Furthermore, in Retrieval Augumented Generation (RAG) systems, consine similarity between the query and document embeddings are often used to determine relevant documents. However, the cosine similarity itself is not interpretable. A cosine similarity of 0.7 might seem reasonable, but how much better is 0.8? Without context, these numbers are difficult to assess.

More fundamentally, matrix multiplication is simply a parallelized version of a dot product, which is scaled cosine similarity. I noticed that I lack the intuition of cosine similarity values in high dimensional spaces.

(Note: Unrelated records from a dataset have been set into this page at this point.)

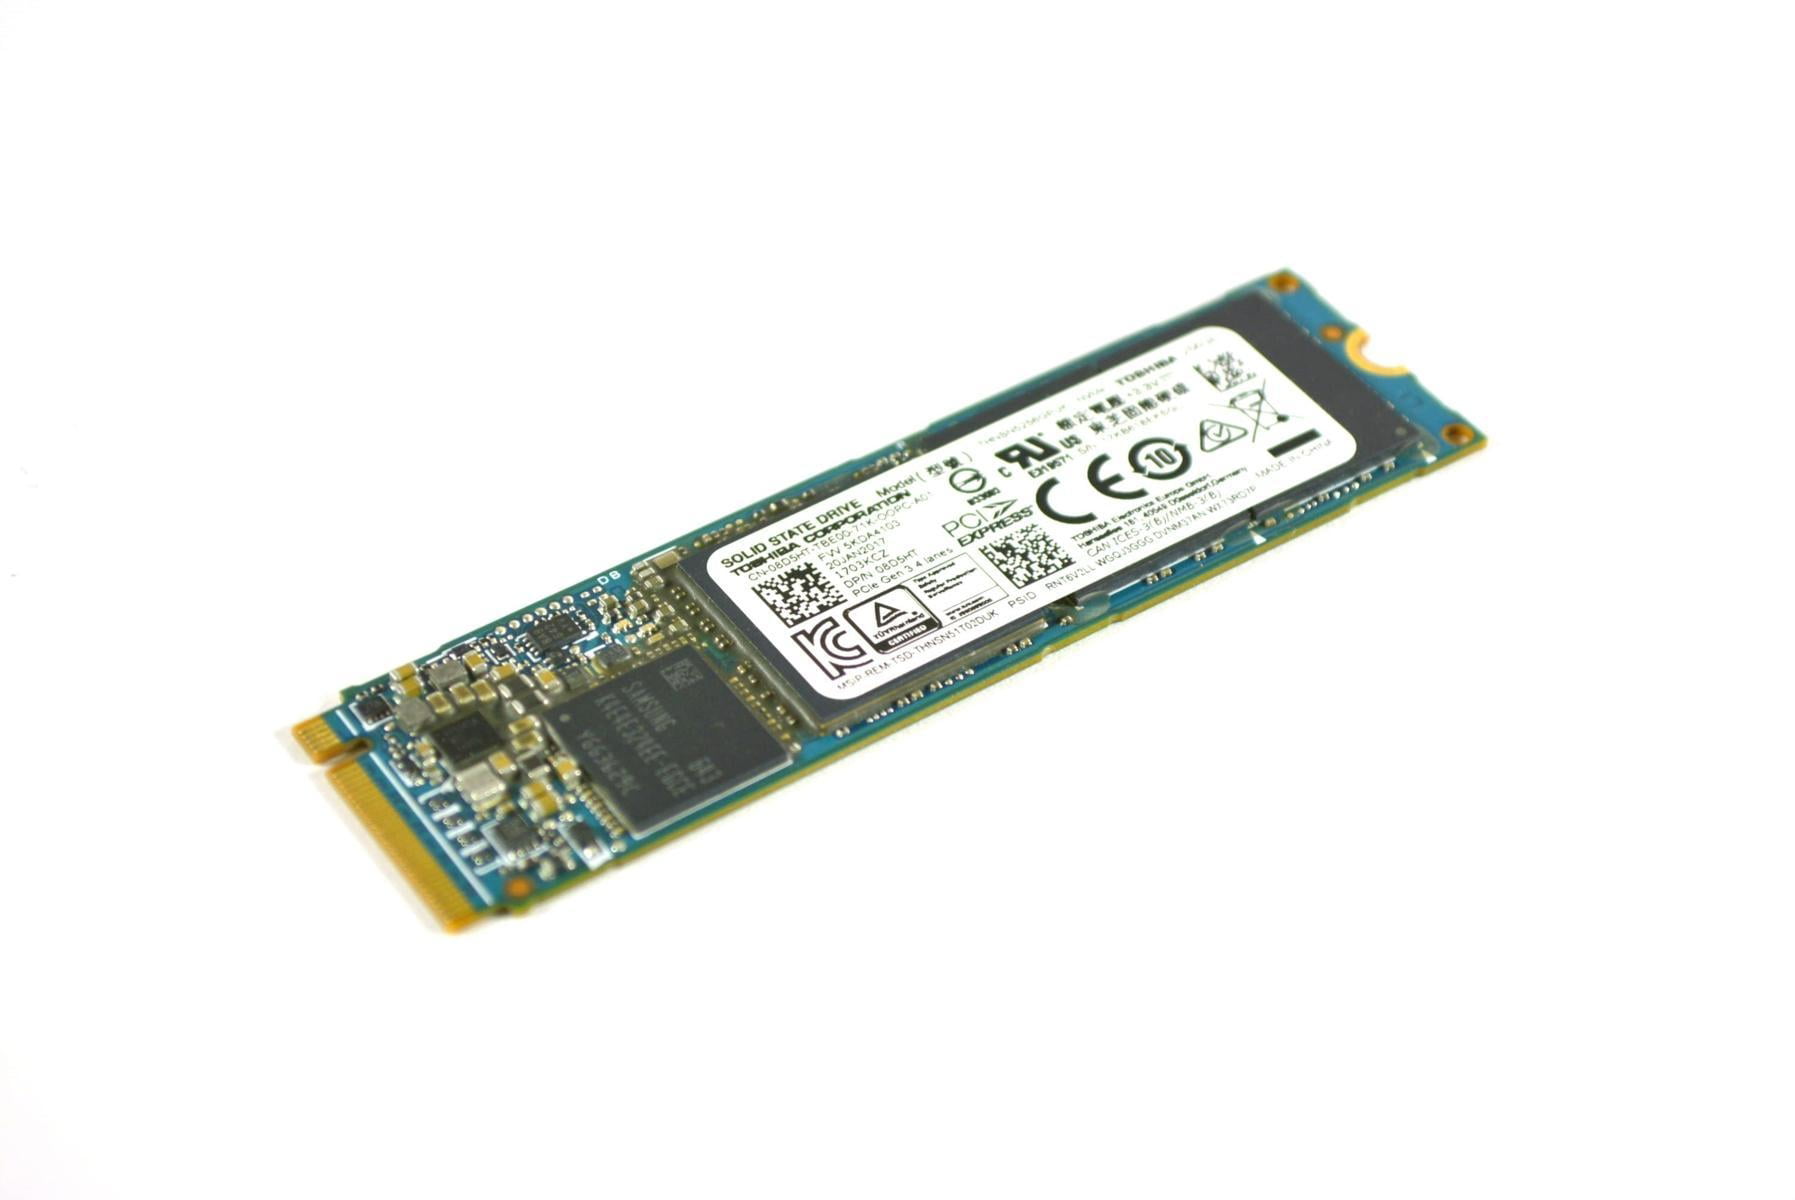 Toshiba THNSN5256GPUK 256GB SSD M.2 2280 NVMe PCIe Solid State 8D5HT Used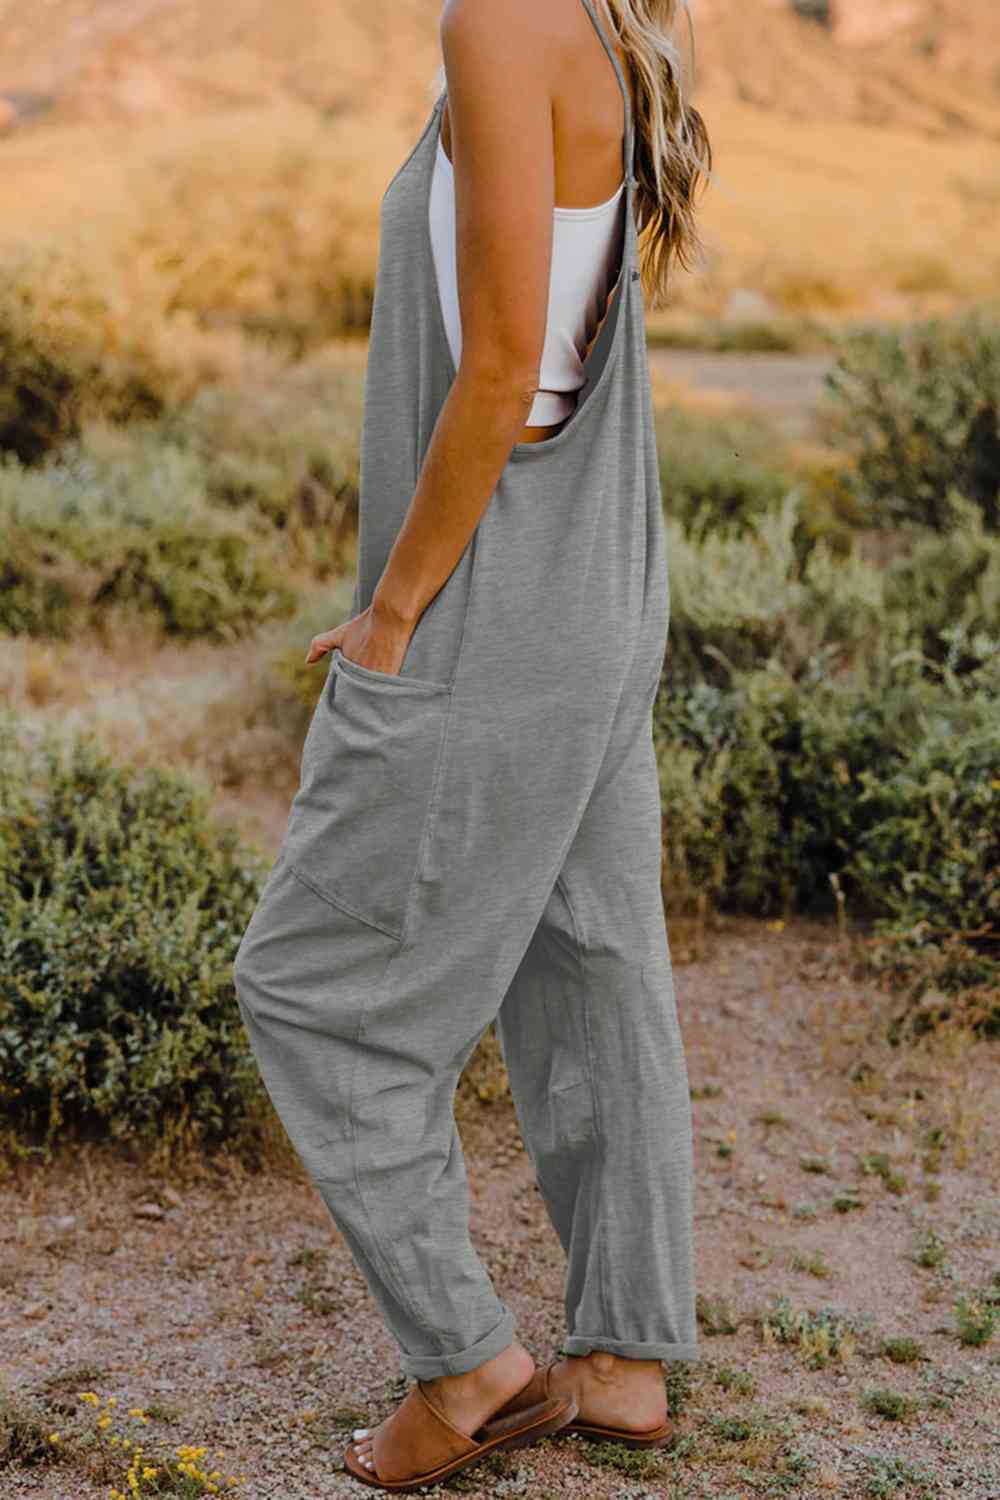 Double Take V-Neck Sleeveless Jumpsuit with Pockets for a Chic yet Casual Look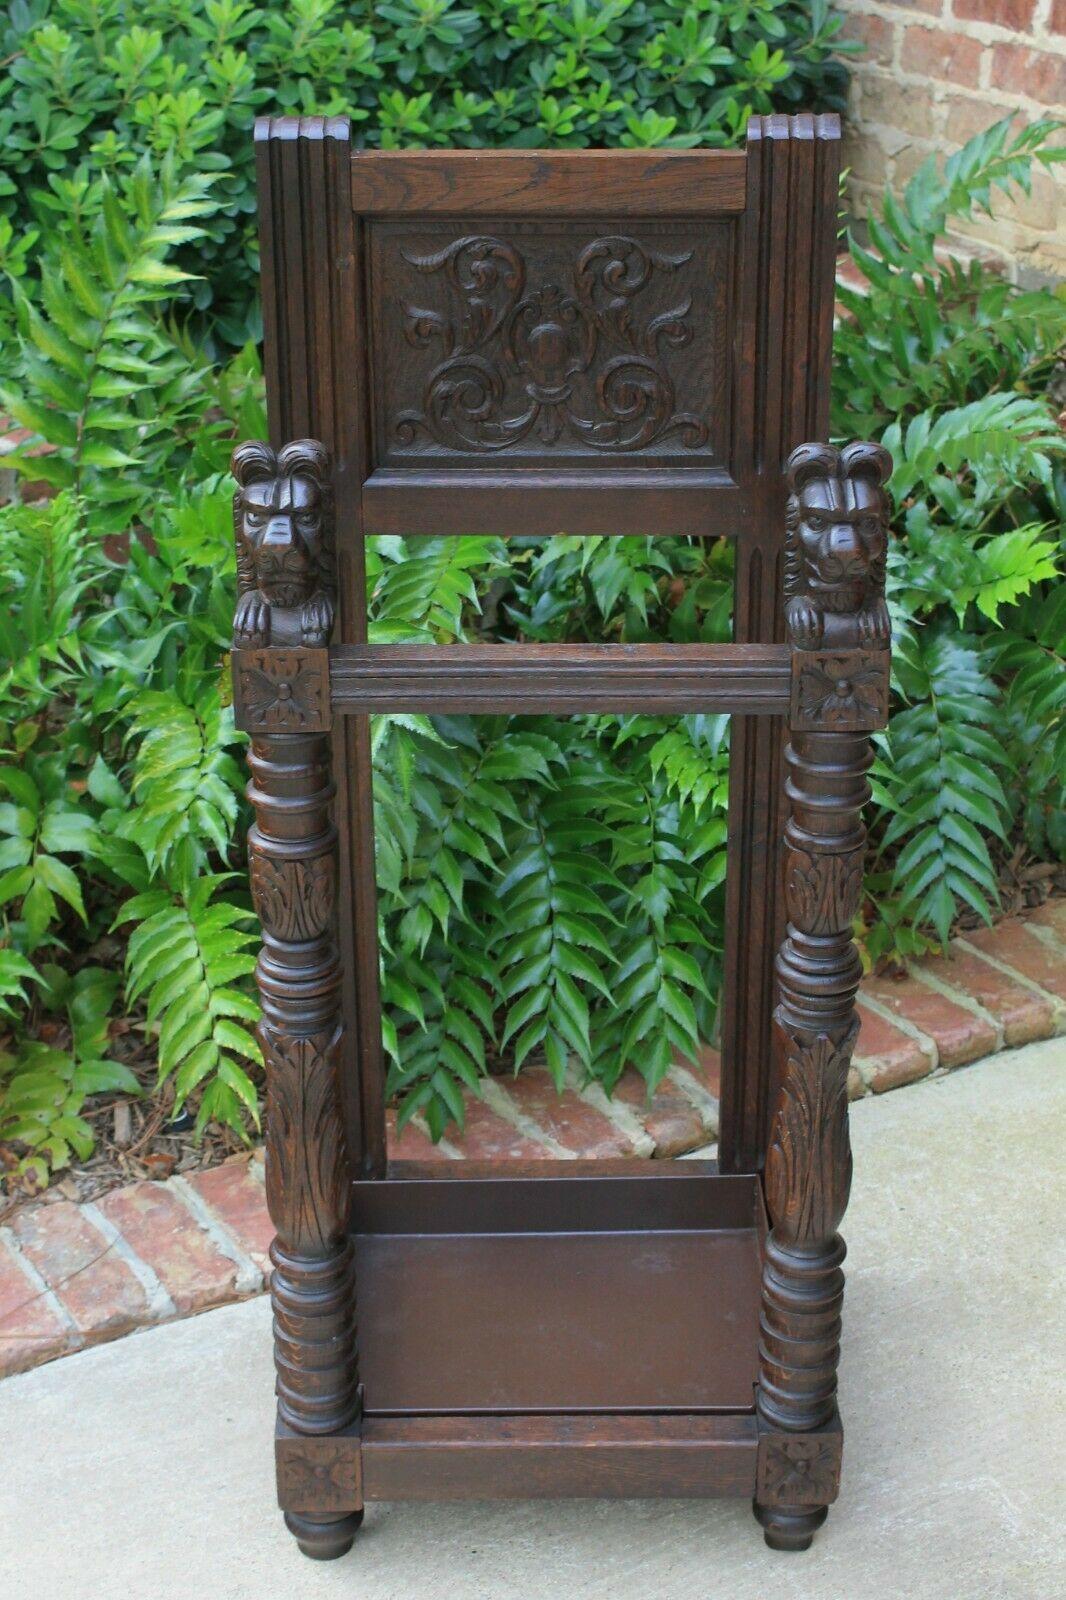 Gothic Revival Antique English Oak Gothic Umbrella Cane Stick Stand Hall Tree Entry Foyer Stand

This motivated me to investigate the distribution of cosine similarities between random vectors in a unit hypersphere.

Experiment Starting with 2D

I To build intuition, I started with a simple 2D unit circle. Before you read further, try to guess what the cosine similarity distribution would look like.

import math
import random
import matplotlib.pyplot as plt
def get_random_point_on_circle():
    angle = random.uniform(0, 2 * math.pi)
    x = math.cos(angle)
    y = math.sin(angle)
    return (x, y)

random_points = [get_random_point_on_circle() for _ in range(10000)]

first_item = random_points[0]
cosine_similarities = []
for i in range(1, len(random_points)):
    dot_product = first_item[0] * random_points[i][0] + first_item[1] * random_points[i][1]
    cosine_similarities.append(dot_product)

plt.hist(cosine_similarities, bins=50)
plt.title("Histogram of Cosine Similarities of Unit Vectors in 2D")
plt.xlabel("Cosine Similarity")
plt.ylabel("Frequency")
plt.show()

The histogram looks like below.

Cosine similarities are more likely to be around extreme values of -1 and 1 and less likely to be around 0! This is quite counter-intuitive. I asked three people about this and all three guessed that the distribution would be uniform.

Understanding the 2D Distribution

Why does this happen? Let’s build geometric intuition.

We can fix the first vector to \((1,0)\) without loss of generality. If we look at the first quadrant of the unit circle, we see that \(x = y\) line bisects the circumference of the quadrant. However, the cosine similarity of the midpoint is \(\frac{\sqrt{2}}{2} \approx 0.707\). Since cosine of 90 degrees is 0, and cosine of 0 degrees is 1, we expect to see the same number of points with cosine similarity between 0 and 0.707 and cosine similarity between 0.707 and 1. This explains why we see more points around extreme values.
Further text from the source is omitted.